→ Raw data
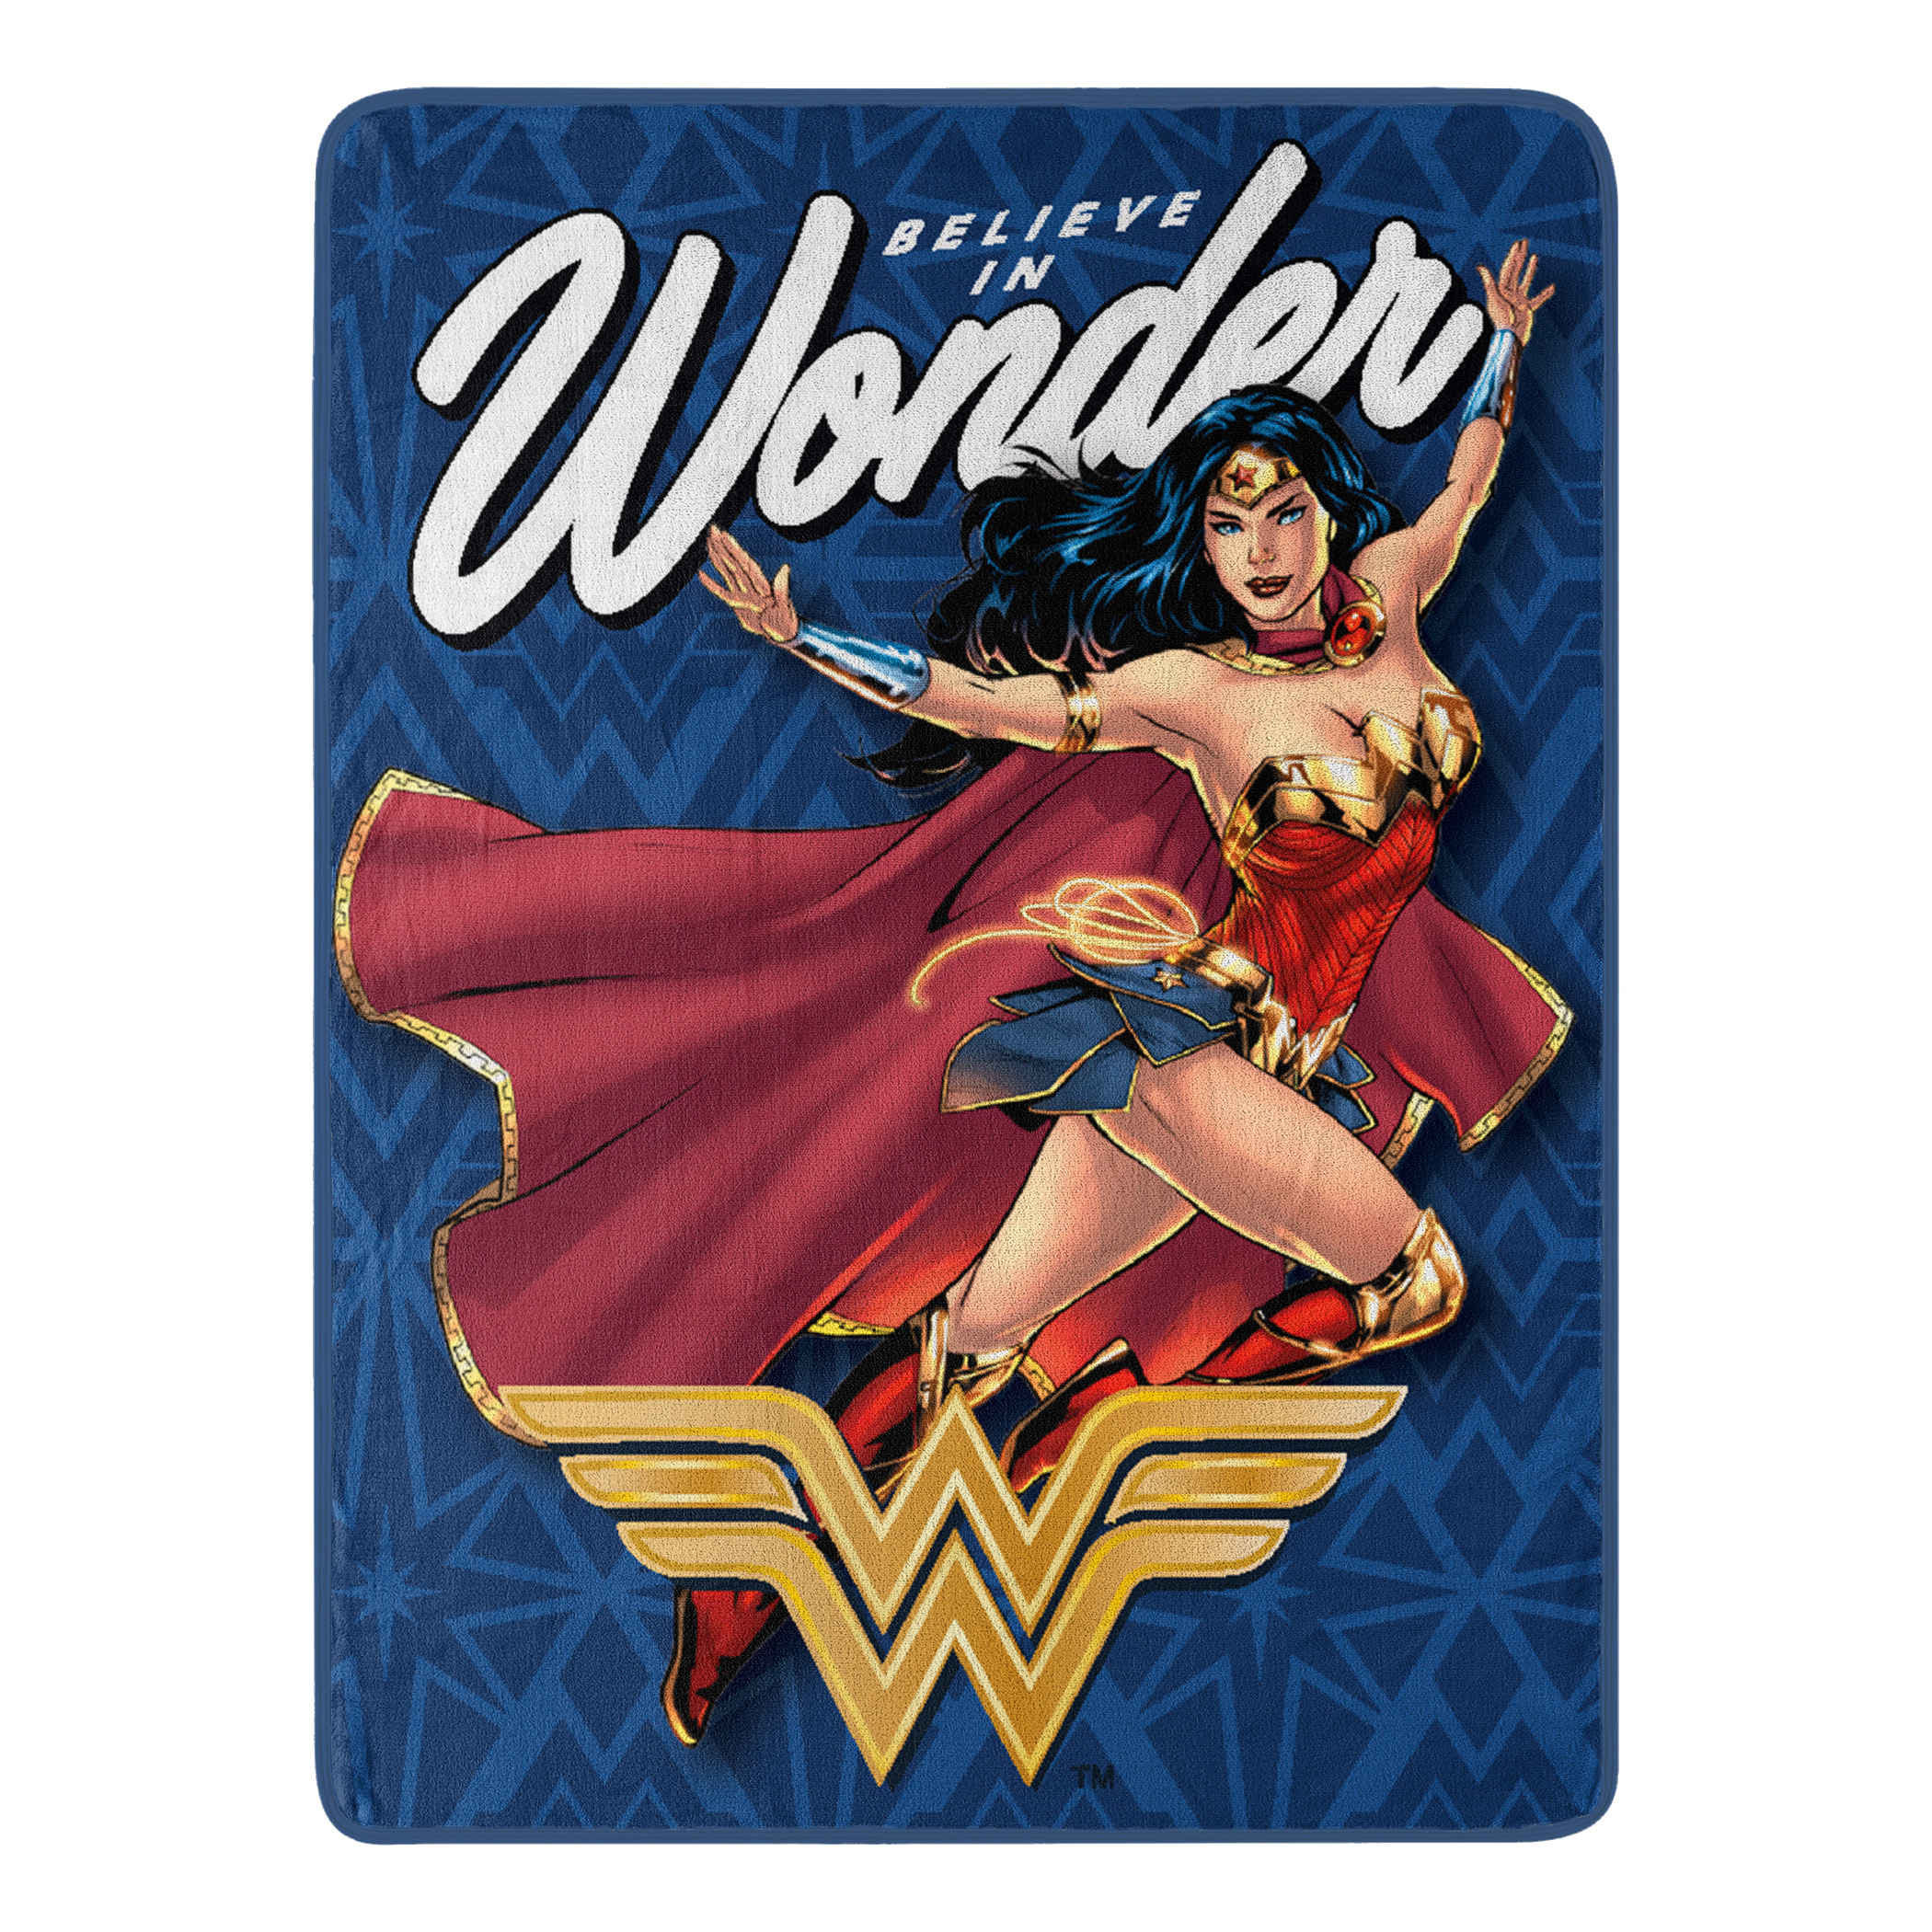 Wonder Woman Believe Micro Raschel Throw Blanket 46"x60"
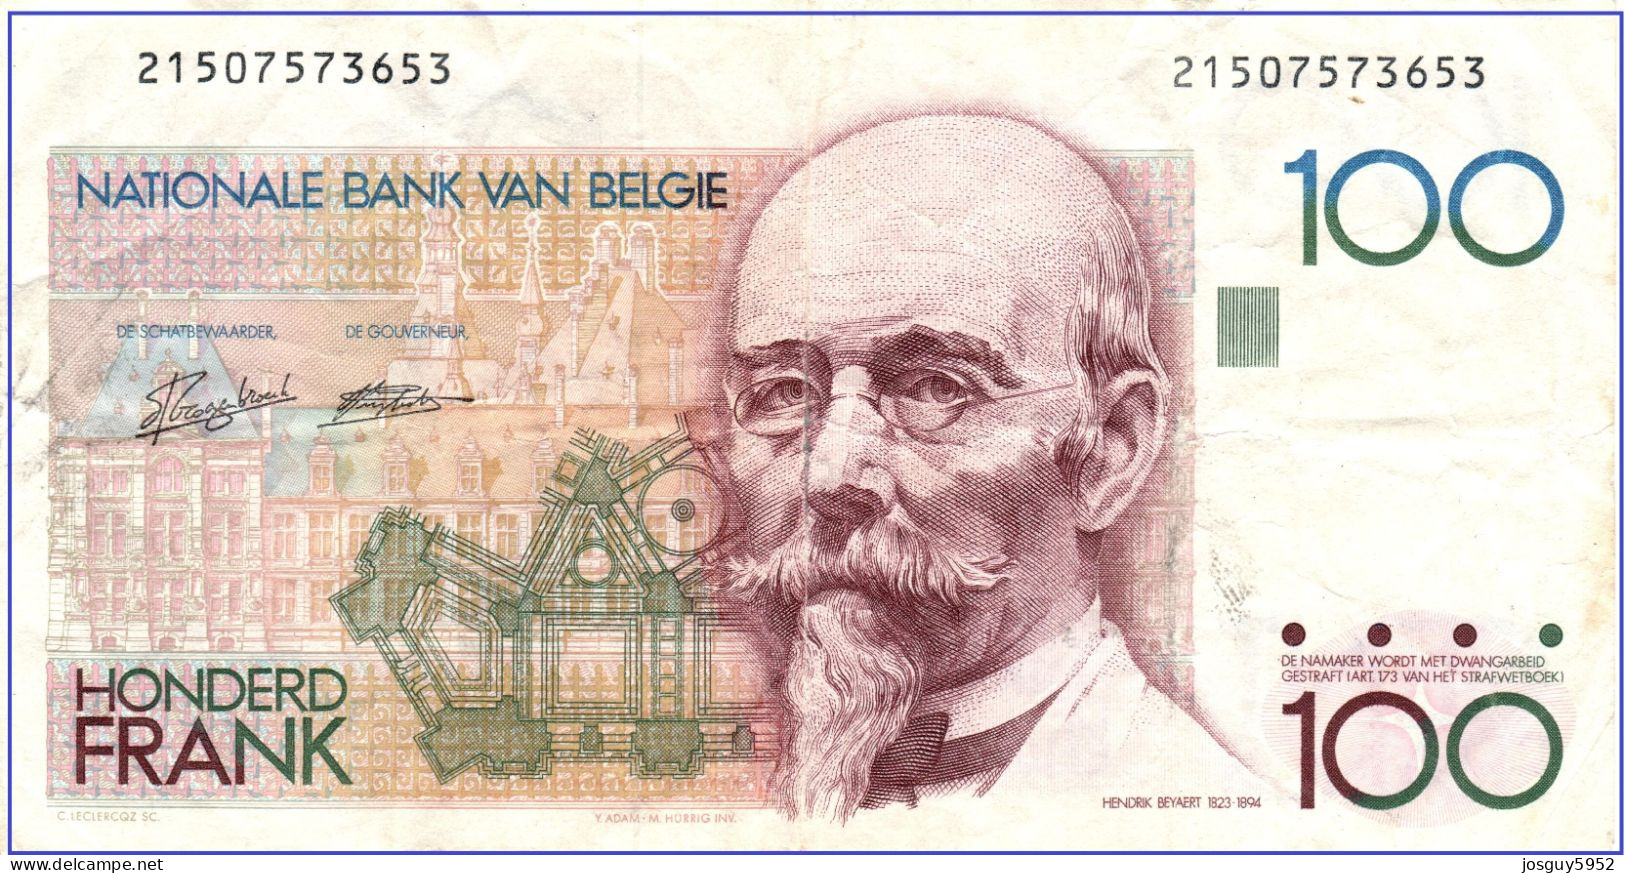 BELGIE - 100 FRANK - 1978 - 1981 - Nr 21507573653 - HENDRIK REYAERT - 100 Francos
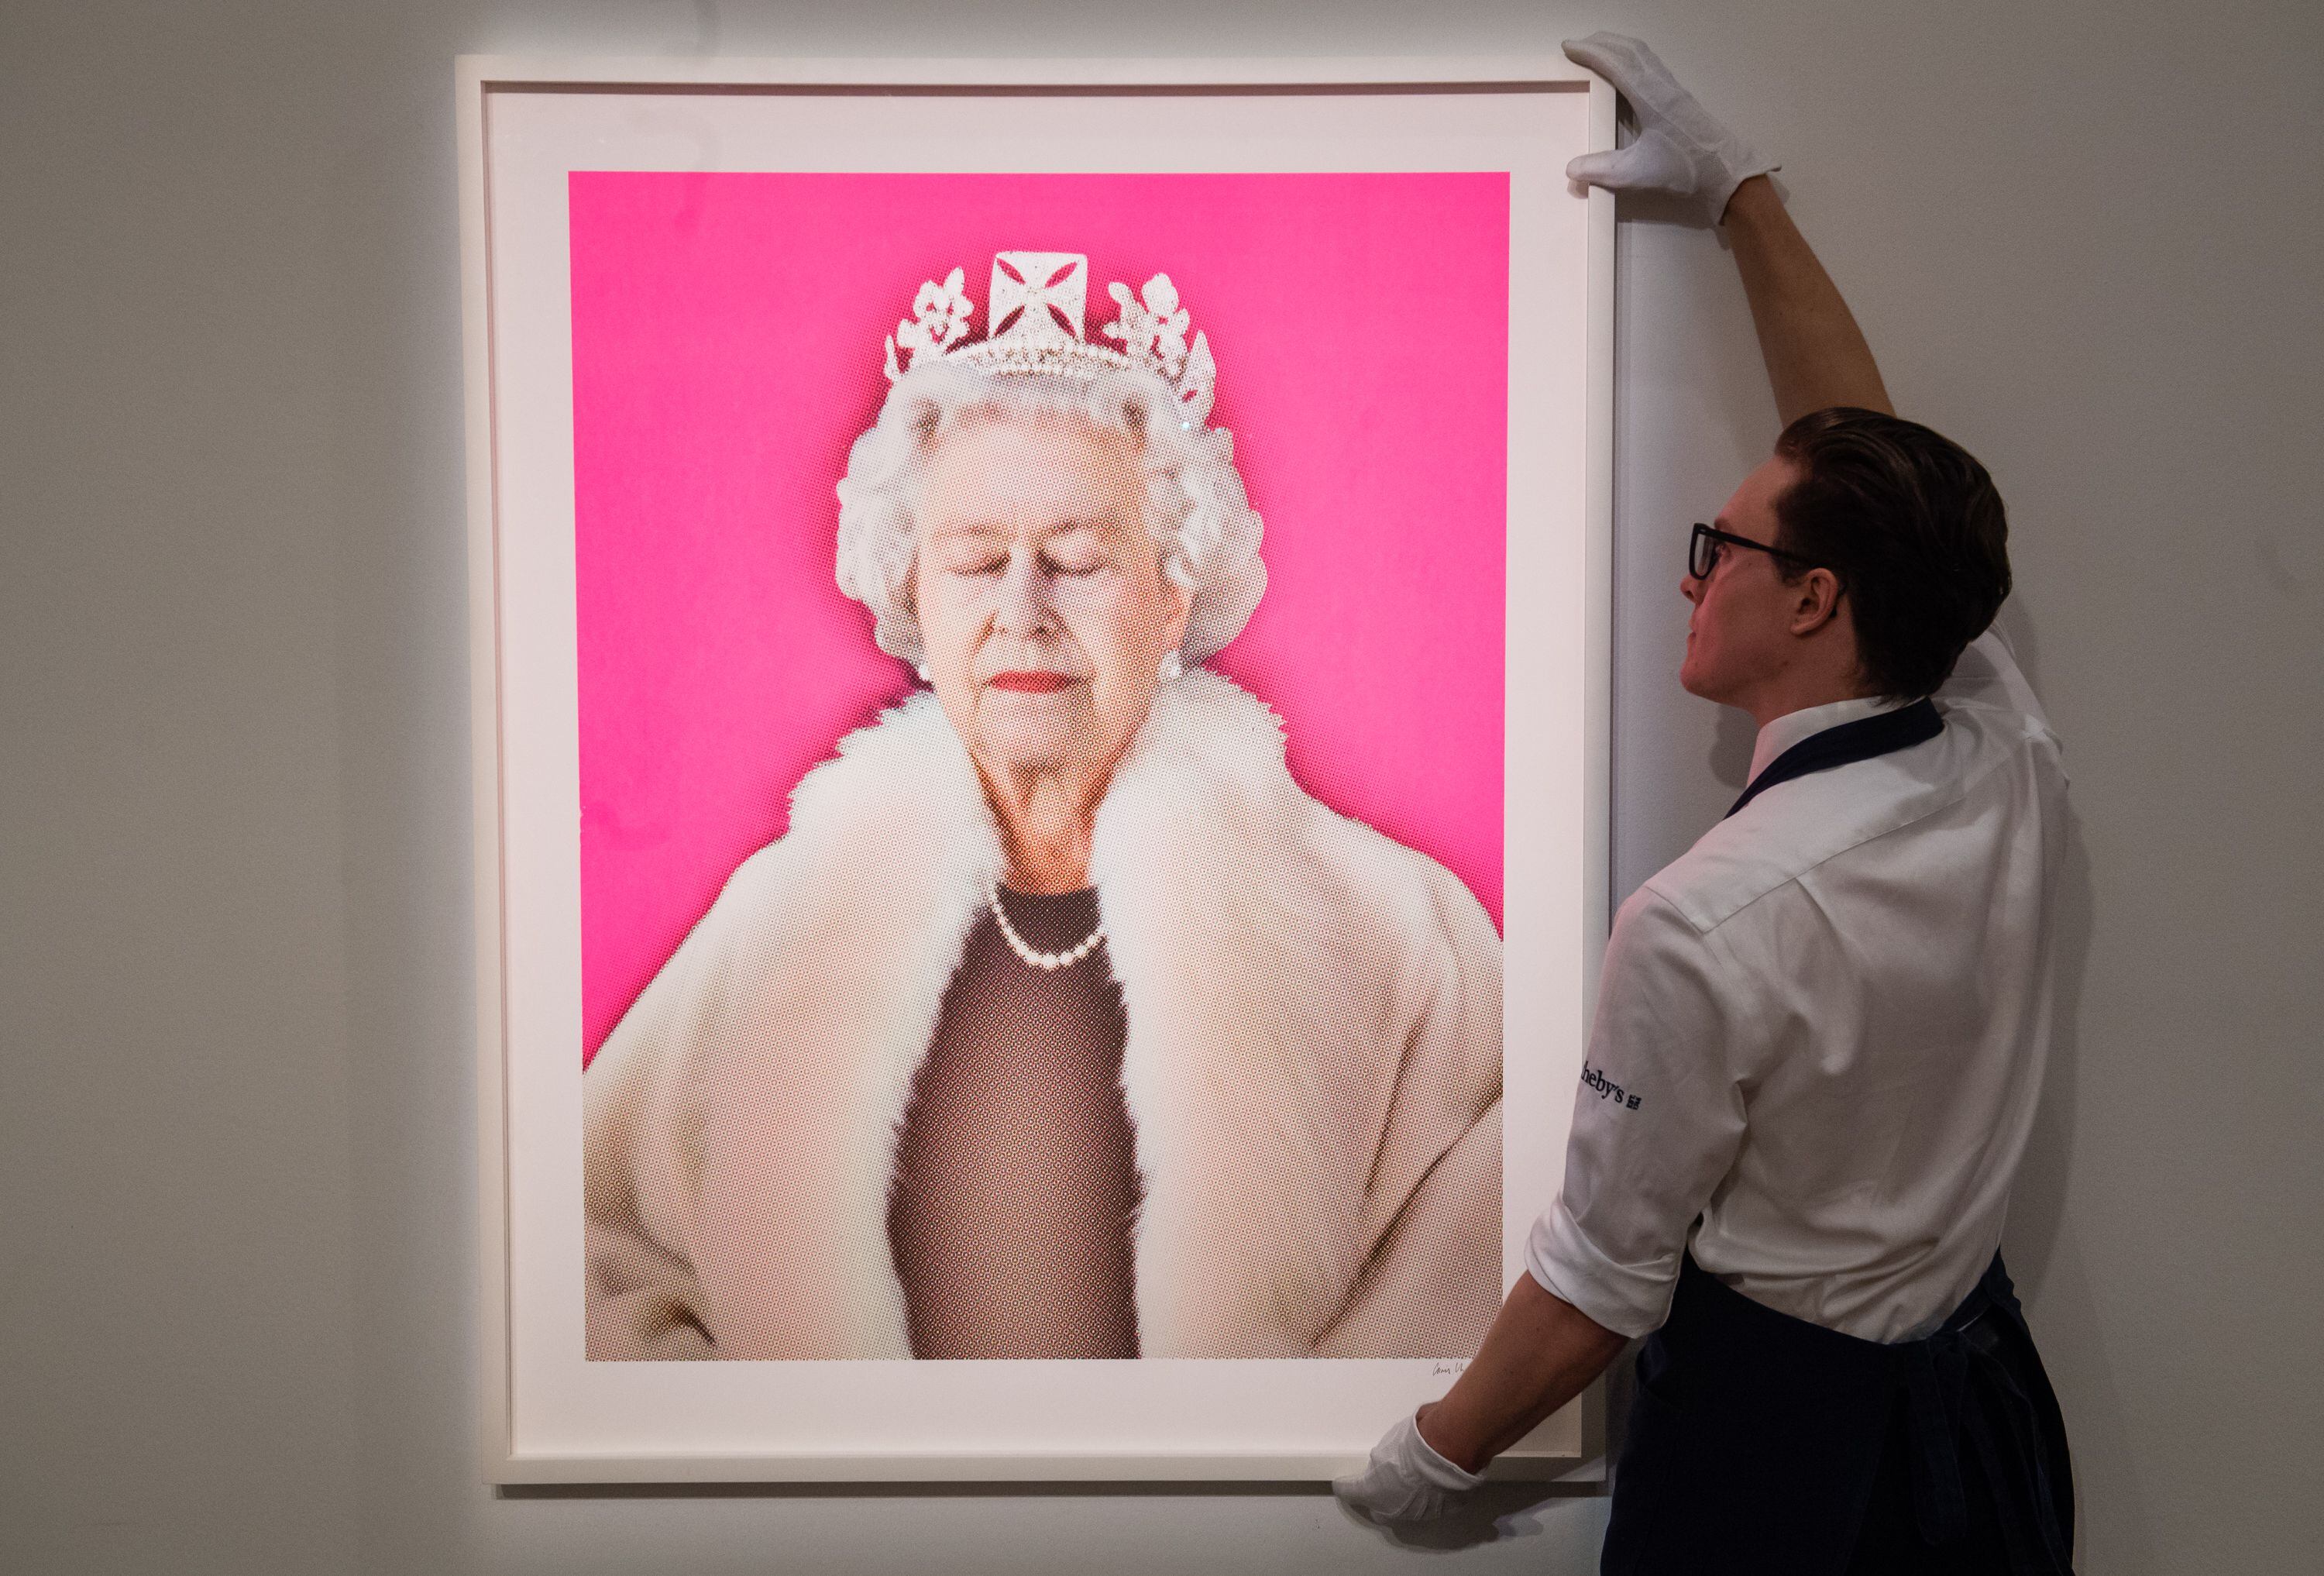 Cuadro de la reina exhibido para la subasta de Sotheby's 'Made in Britain', el 14 de septiembre de 2018 en Londres.

→ Work item
Without including any picture, set down every line above exactly as it stands.

→ Output of the task
 Wonder Woman Believe Micro Raschel Throw Blanket 46"x60"
 BELGIE - 100 FRANK - 1978 - 1981 - Nr 21507573653 - HENDRIK REYAERT - 100 Francos
 Cuadro de la reina exhibido para la subasta de Sotheby's 'Made in Britain', el 14 de septiembre de 2018 en Londres.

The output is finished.